Checking for extraneous solutions, we find that $3.273 \ldots$ and $4.864 \ldots$ do not satisfy the original equation. Therefore, the solutions to the given equation such that $0 < x < 2\pi$ are $ x = 4.560 \ldots$ and $x = 6.151 \ldots$.

Answer 3

The two solutions already posted suggest using "arctan(-3/4)" in place of the lengthy decimal throughout. I suggest something slightly different, which is a valuable strategy whenever you have an annoying repetition: give the repeated thing a name. So, something like this (where I have made a few incidental choices in different ways from the original solution; obviously you can use $\sin(x+\theta)$ instead of $\cos(x+\theta)$ and obviously you can use $\alpha$ instead of $\theta$ or whatever). I've actually found it convenient to give names to two different quantities that arise in the solution

We begin by writing $6\cos x-8\sin x=R\cos(x+\theta)$. Following the usual procedure we find $R=\sqrt{6^2+8^2}=10$ and $\theta=\tan^{-1}(8/6)=0.927...$ .

Now we must solve $10\cos(x+\theta)=7$ or, equivalently, $\cos(x+\theta)=0.7$. One solution to this is $x+\theta=\cos^{-1}(0.7)=0.795...$; calling the RHS $y$, all the solutions are $x=(2\pi n\pm y)-\theta$ for integer $n$. We are interested in solutions with $0<x<2\pi$, which means the only ones we need are $2\pi+y-\theta=6.151...$ and $2\pi-y-\theta=4.560...$ .

In practice, a student might do well to be more explicit about figuring out which integer multiples of $2\pi$ and which choices of sign yield solutions in the given range. Something like this:

... We are interested in solutions with $0<x<2\pi$. We see that $y-\theta$ is a little smaller than 0, so this is too small but $2\pi+y-\theta$ is in range (and $2\pi$ more than that is too large); and $-y-\theta$ is very roughly -2, so again this is too small but adding $2\pi$ brings it into range (and adding $4\pi$ makes it too large). So our solutions are $2\pi+y-\theta=6.151...$ and $2\pi-y-\theta=4.560...$ .

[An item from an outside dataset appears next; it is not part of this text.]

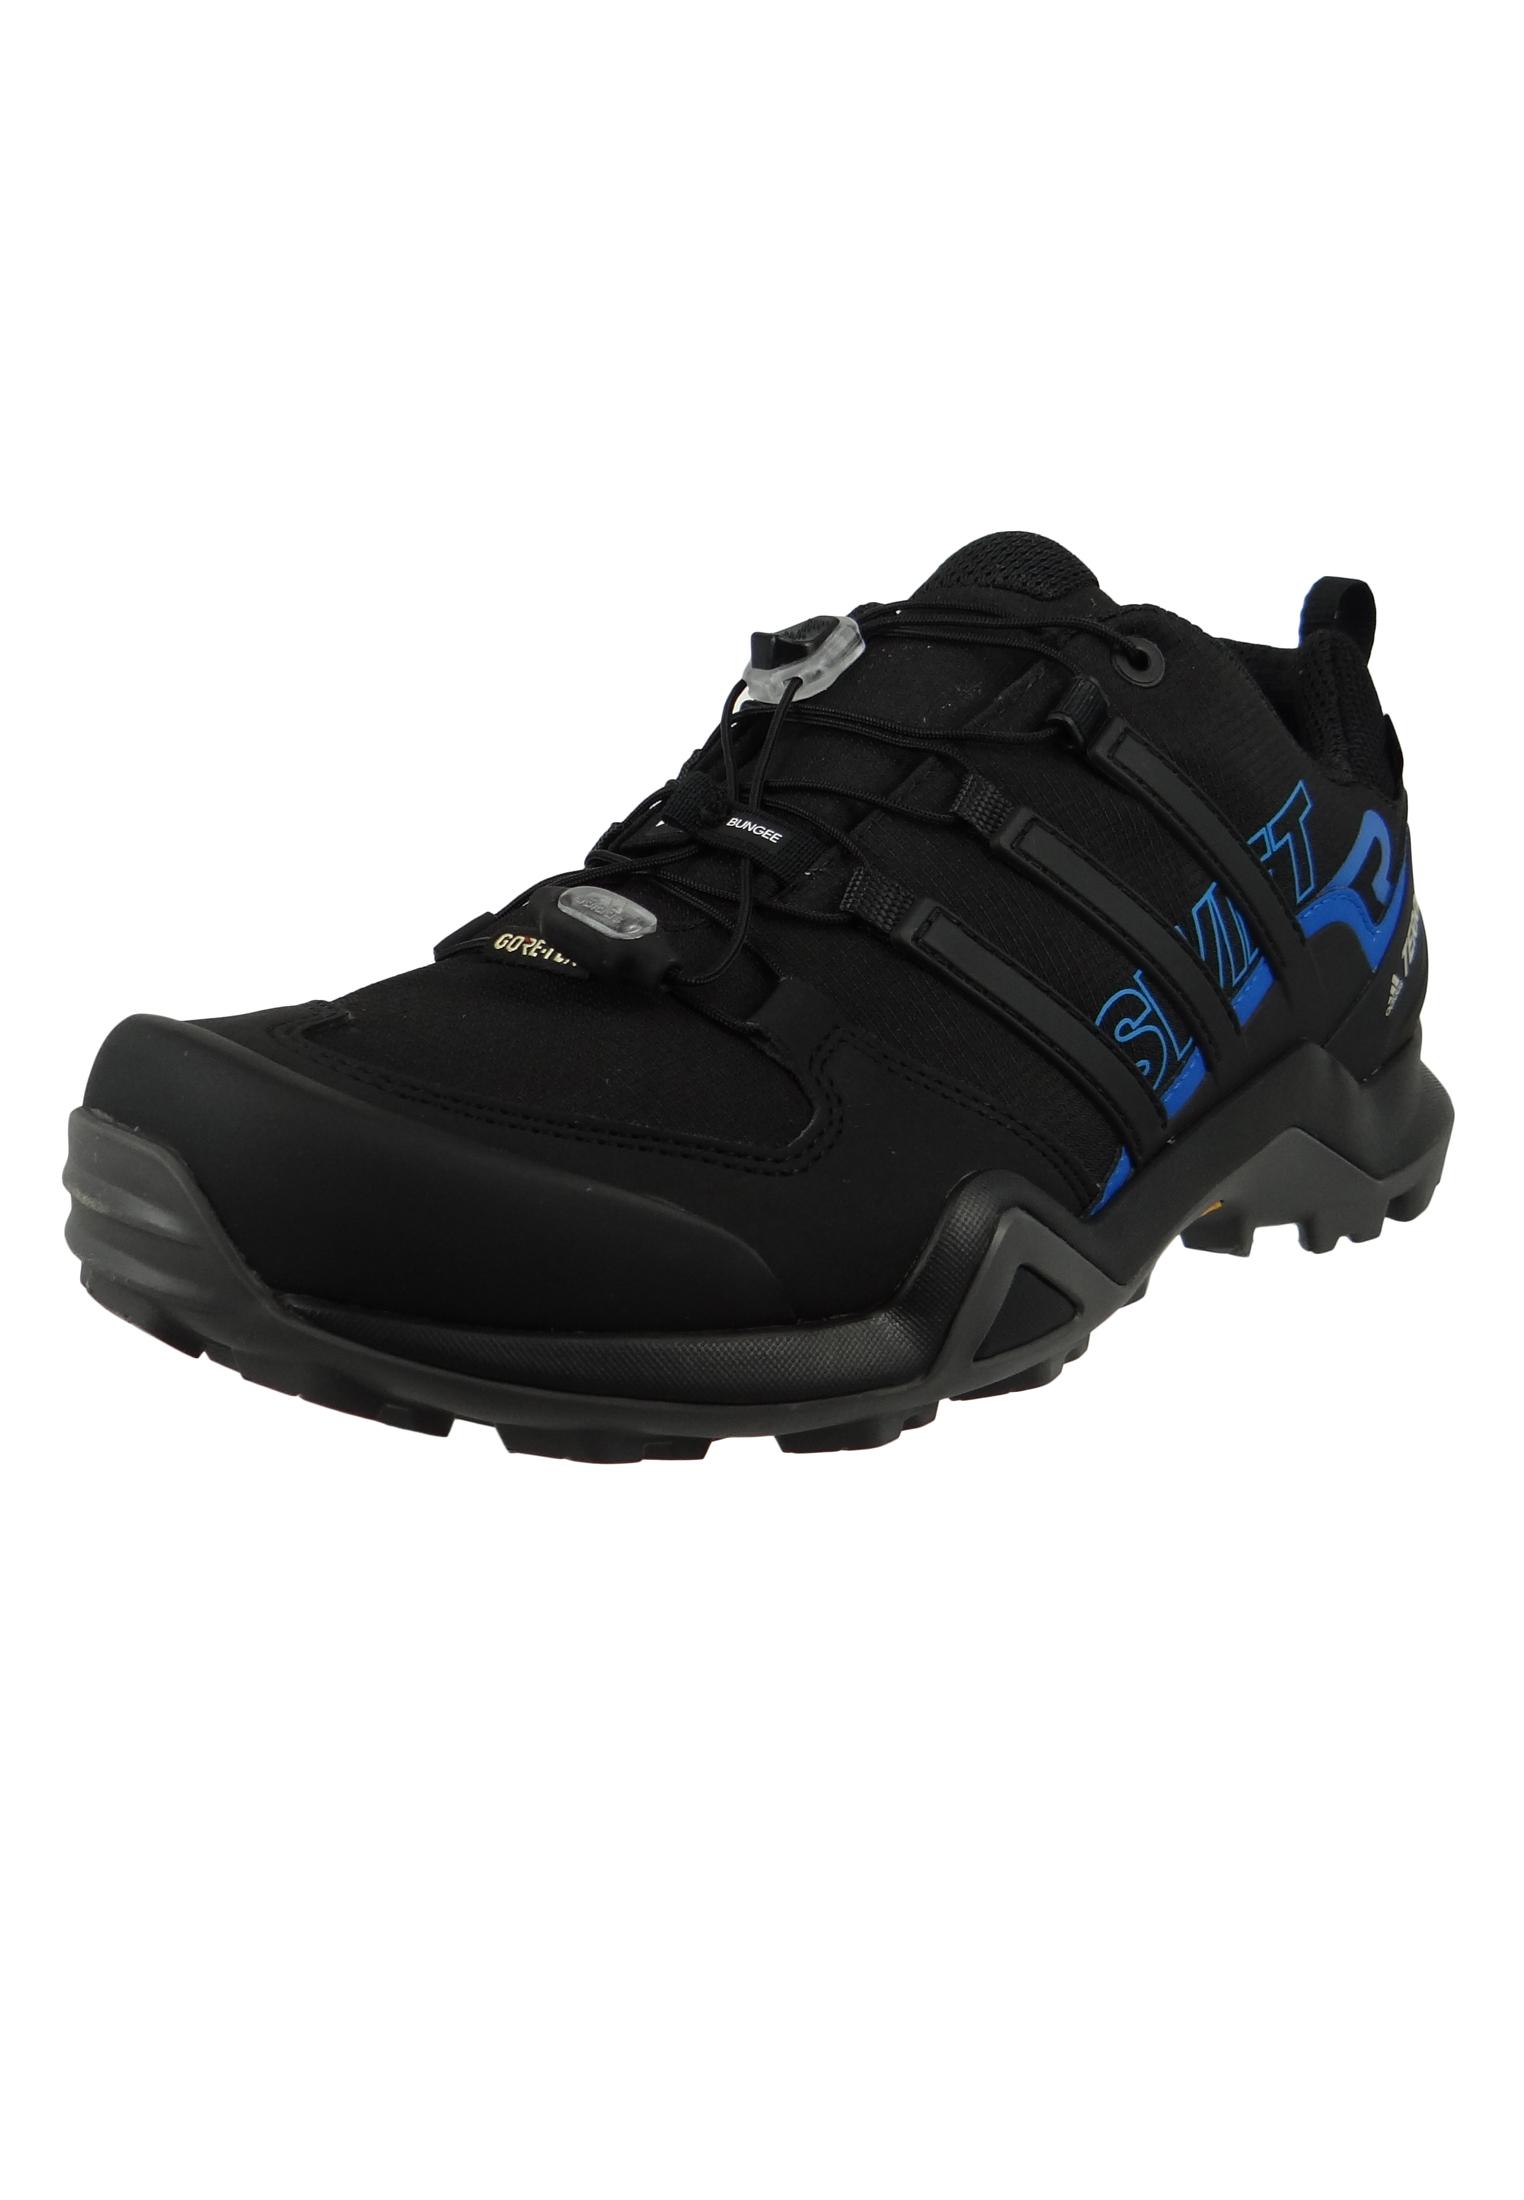 adidas TERREX SWIFT R2 GTX AC7829 Herren Outdoor Hikingschuhe core blackcore blackbright blue Schwarz

(Most students will probably need to compute the actual values rather than just saying "a little smaller than 0" and "very roughly -2", but if I were writing a model answer then I might leave phrases like those in it, to encourage students to learn to do that sort of rough estimate in their heads. Contrariwise: Some students will need to write down three numerical values for each choice of sign, one "too small", one "just right", and one "too large". There's something to be said for doing that in a model answer, too.)